__Directions__:
Copy, word for word, the lines of the entries below between the one with "The Prince of" and the one with "A Domenica Pillow", inclusive, and leave out everything else.

__Supplied information__:

┌──

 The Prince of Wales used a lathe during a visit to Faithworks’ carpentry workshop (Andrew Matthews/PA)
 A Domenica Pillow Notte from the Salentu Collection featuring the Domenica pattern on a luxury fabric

└──
┌──

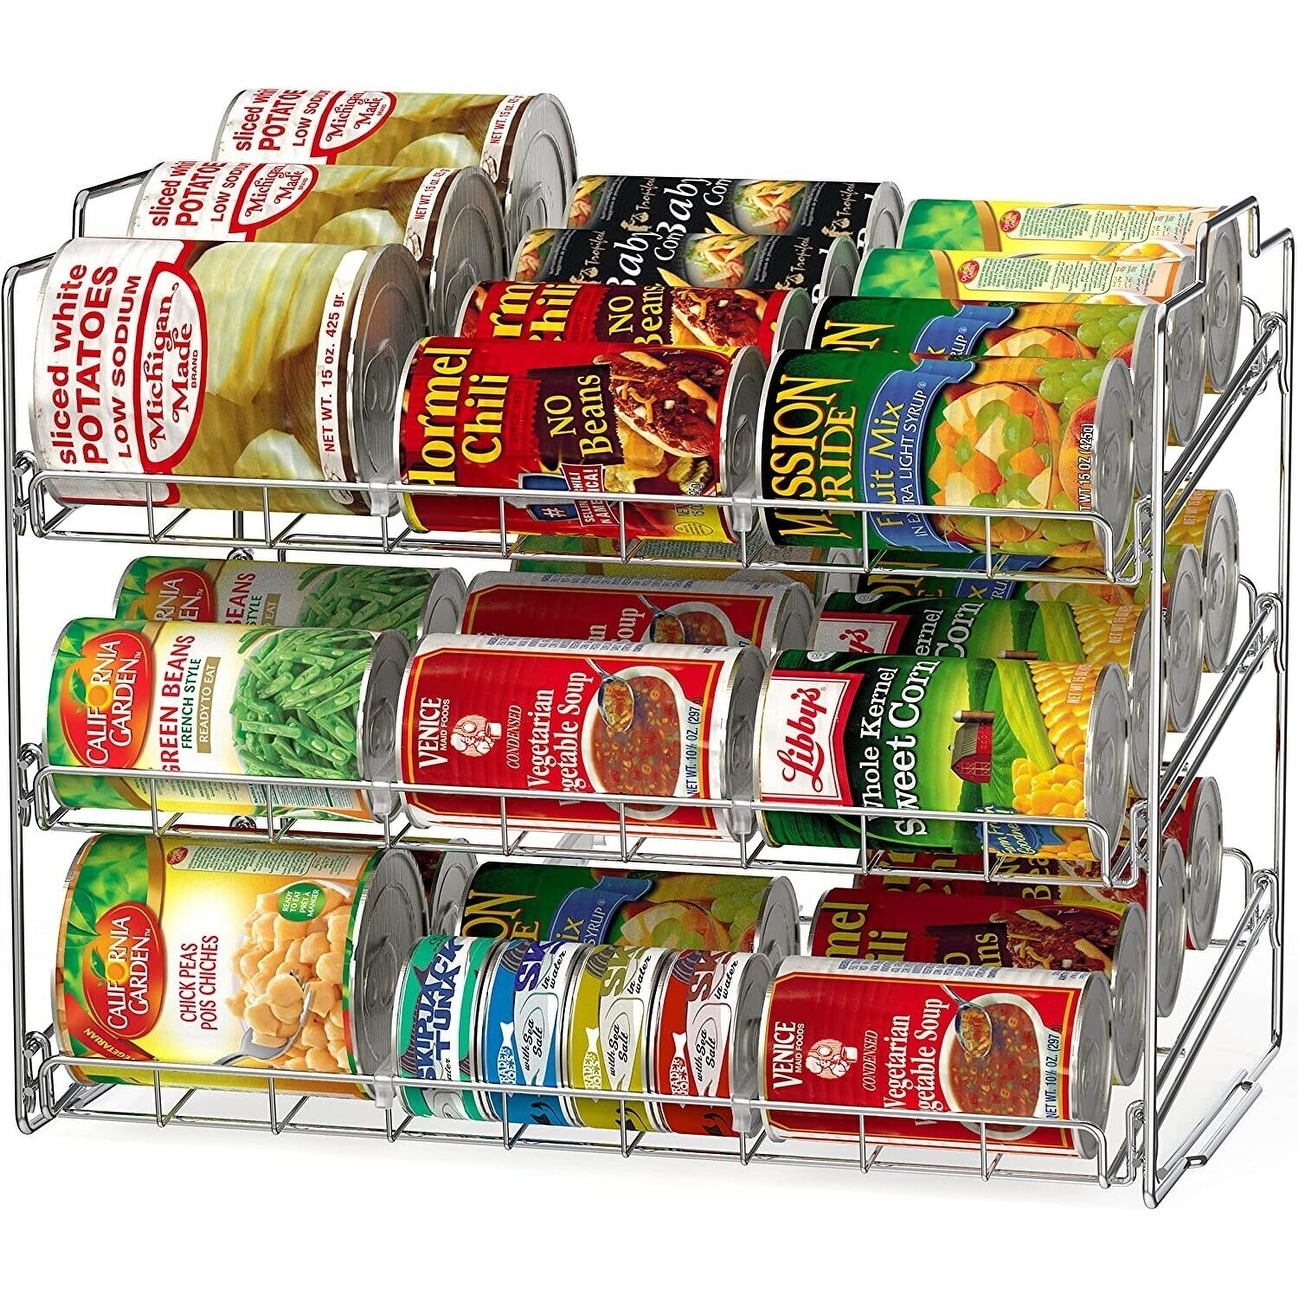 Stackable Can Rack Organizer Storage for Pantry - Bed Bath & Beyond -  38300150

└──
┌──

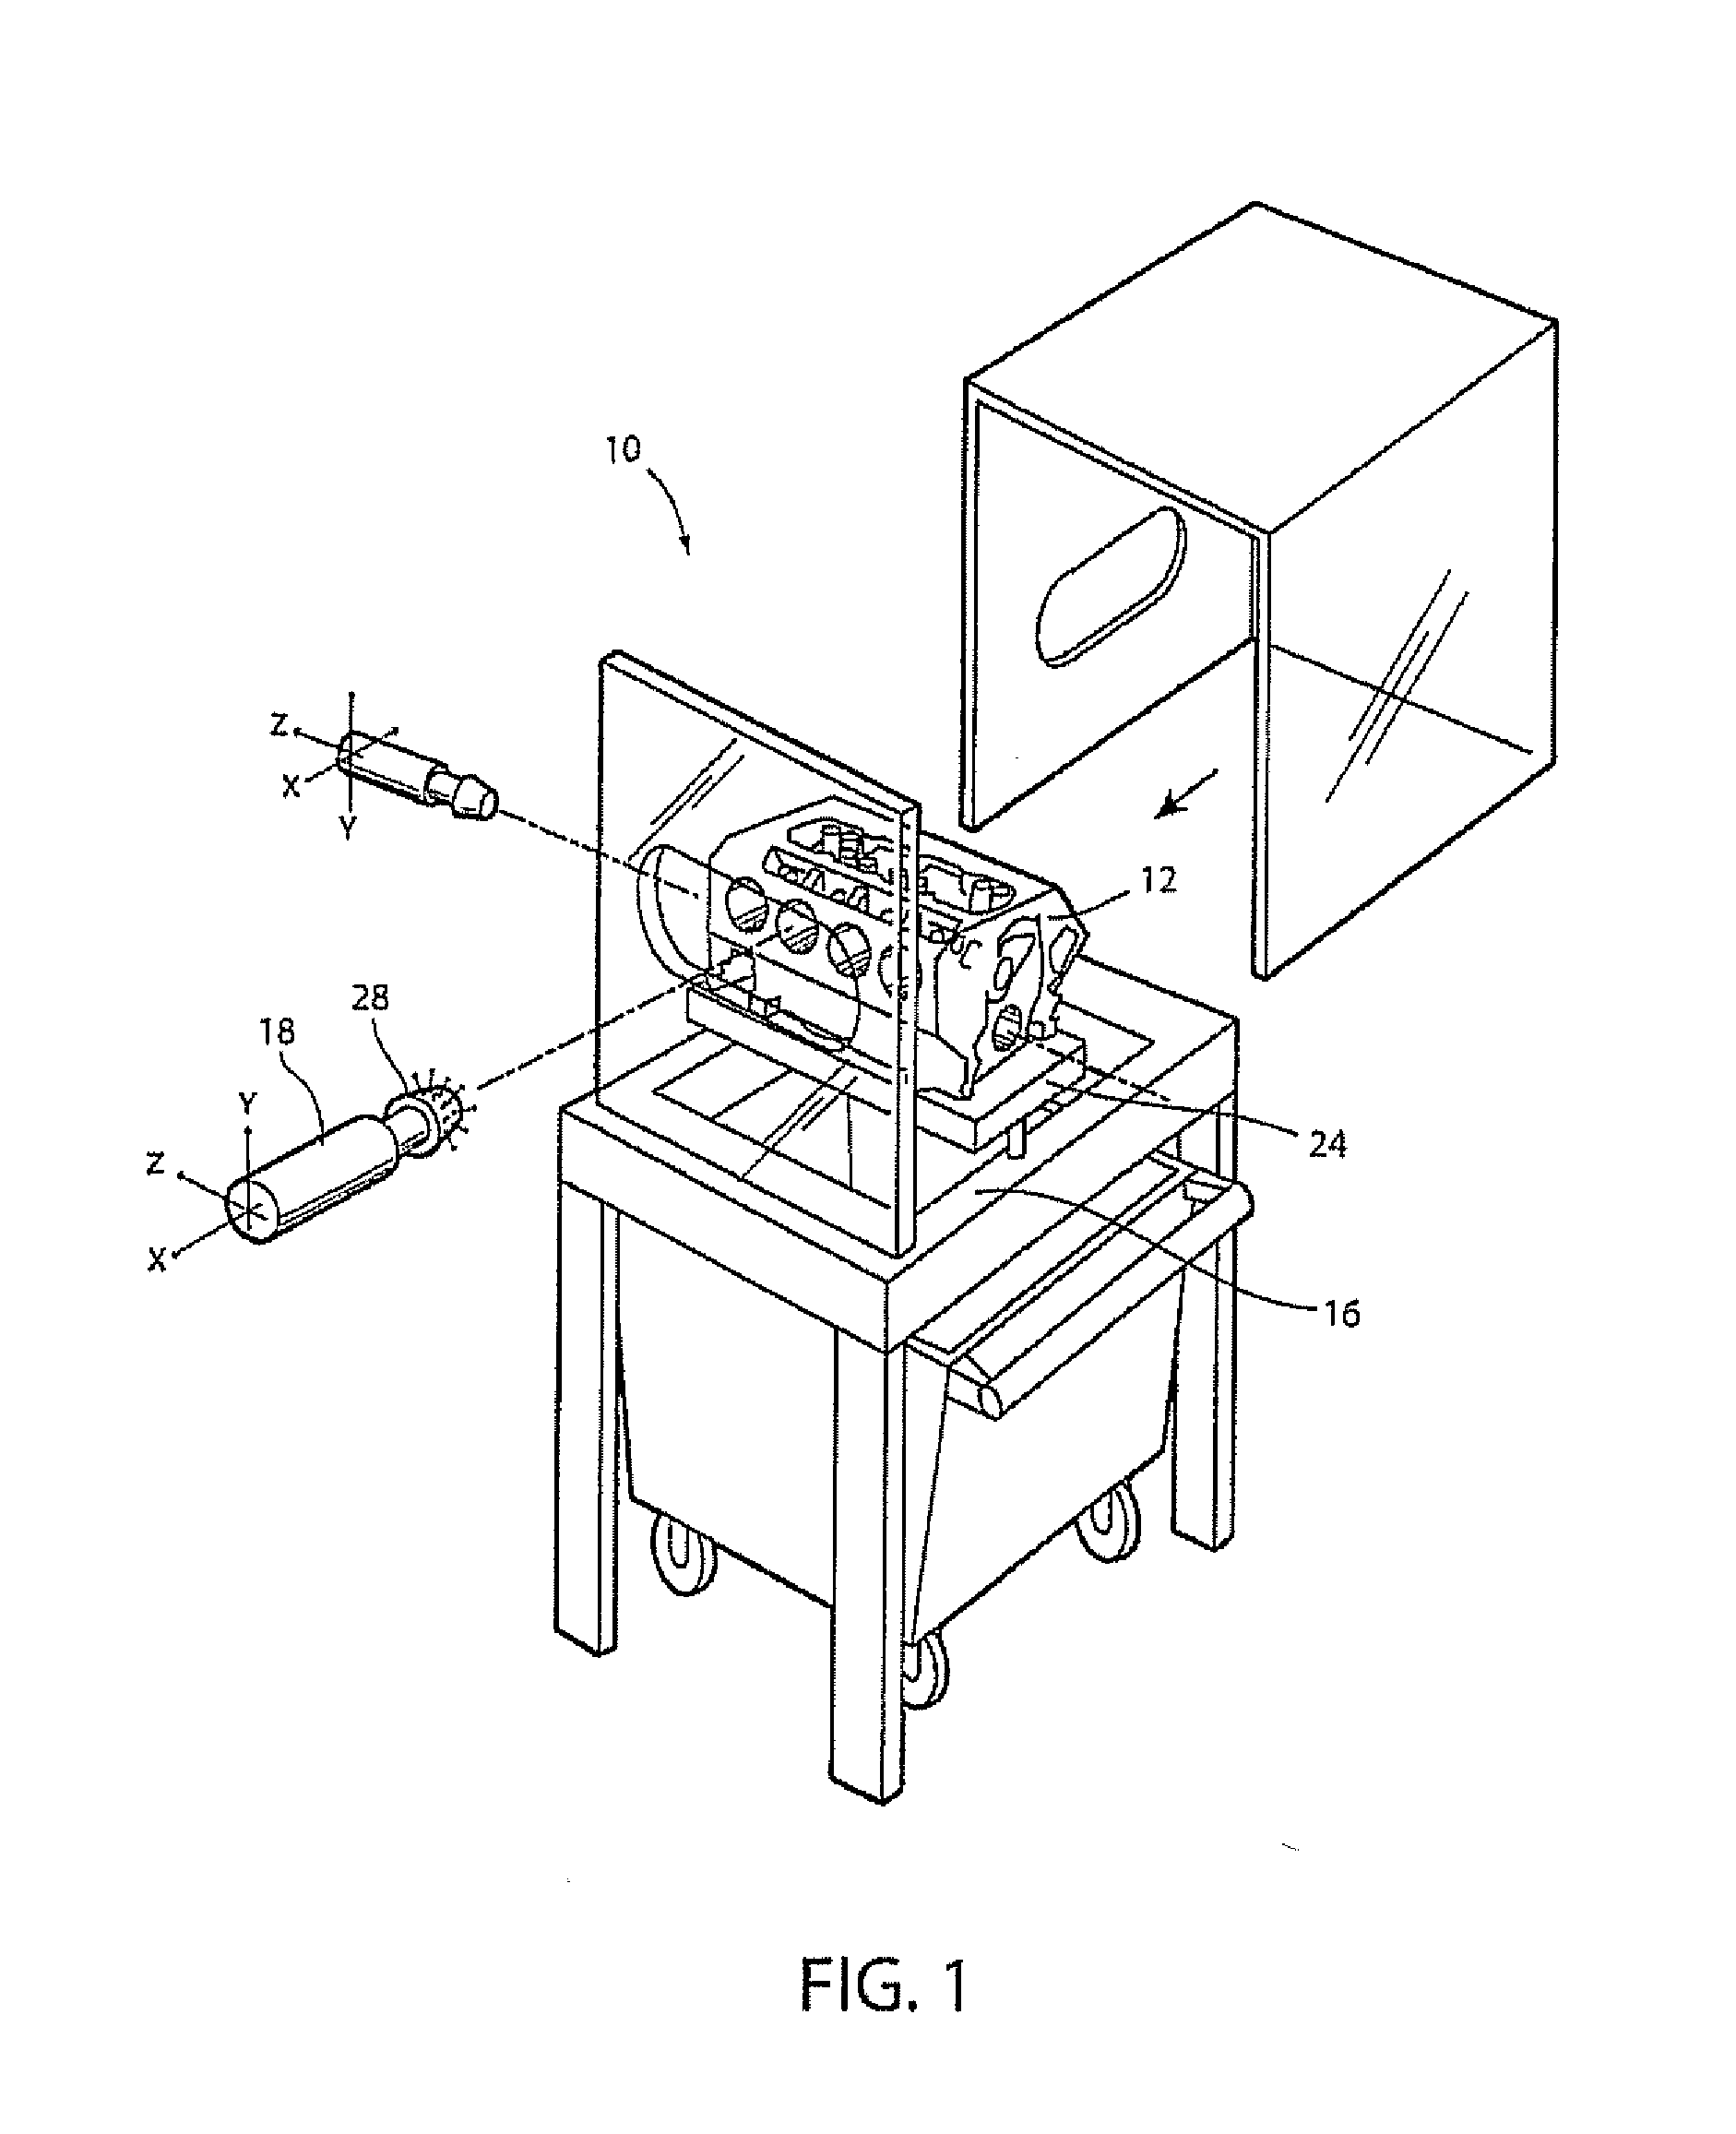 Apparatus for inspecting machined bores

└──

__Expected answer__:
 The Prince of Wales used a lathe during a visit to Faithworks’ carpentry workshop (Andrew Matthews/PA)
 A Domenica Pillow Notte from the Salentu Collection featuring the Domenica pattern on a luxury fabric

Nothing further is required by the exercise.